Wersja kinowa filmu Obcy - ósmy pasażer Nostromo pod względem projektowania dźwiękowo - muzycznego znacząco przypomina serię gier Dark Souls. Wytwory te różnią się od innych przez to, że starają ograniczać się dźwiękowo-muzyczny soundtrackowy muzak na rzecz ciszy zakłócanej li tylko przez dźwięki otoczenia a muzyka pojawia się w czółówce i tylko niektórych momentach walki z bossem. Najgłośniejszym momentem filmu Obcy jest przejście zwiadowców przez księżyc Acheron. Księżyc ten porywany jest wiatrem, wybuchem gejzerów i nieustannym szumem. Podobieństwa środowiska dźwiękowego Acheronu do Tidal Disruptions są rażące, przy czym to ostatnie wydaje się być pornograficznie multiplikować i amplifikować niedostępną atmosferę odległego i nieprzyjaznego kosmosu.
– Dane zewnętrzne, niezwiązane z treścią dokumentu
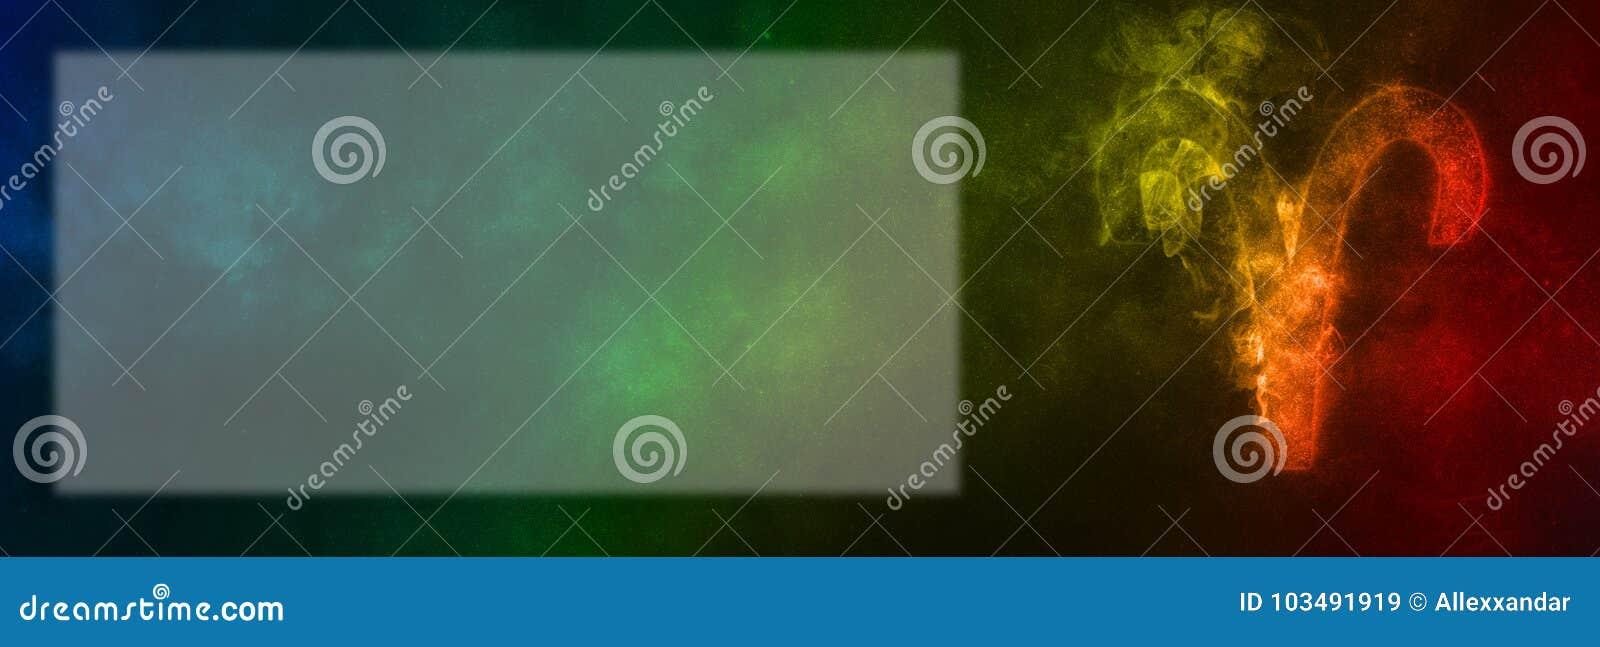 Aries Zodiac Sign Signe d horoscope de Bélier Pièce des textes de calibre

Dlatego muzyka ta jest kosmiczna, jest wyobrażeniem niedostępnego, wyobrażeniem, które nie mogąc posiłkować się pierwowzorem, może być czymkolwiek tylko artysta zapragnie. Jest to także muzyka psychodeliczna, ale nie odwołuje się do żadnych znanych sposobów odurzania się, lecz odwołuje się do stanów świadomości wywoływanych sztucznie przez zewnętrzne okoliczności. I po raz kolejny są to okoliczności wyobrażone, a więc i stany psychodeliczne mogą być tu kreowane w sposób dowolny. Co by jednak nie mówić - bad trip to raczej udział każdego posiedzenia z Tidal Disruptions, a na zjazd nie ma żadnego panaceum.

Dzień trzeci

Drogi Pamiętniczku!
Materia muzyczna zawarta na Tidal Disruptions onieśmiela. Jest nieczłowiecza, groźna, zlepiona z molekułów, które słyszałem na Strange Gods Johna Lake'a. Bezlitosna, twarda i niemal trójwymiarowa mogłaby doskonale spisywać się na systemach kwadrofonicznych. Tu nie ma ściany dźwięków, lecz bryła dźwięków wypełniająca horyzont, wraz z każdym powtórzeniem opóźnionego dźwięku wbijająca się w głowę. Rekomenduję tę kasetę bardzo, lecz słuchacie jej na własną odpowiedzialność.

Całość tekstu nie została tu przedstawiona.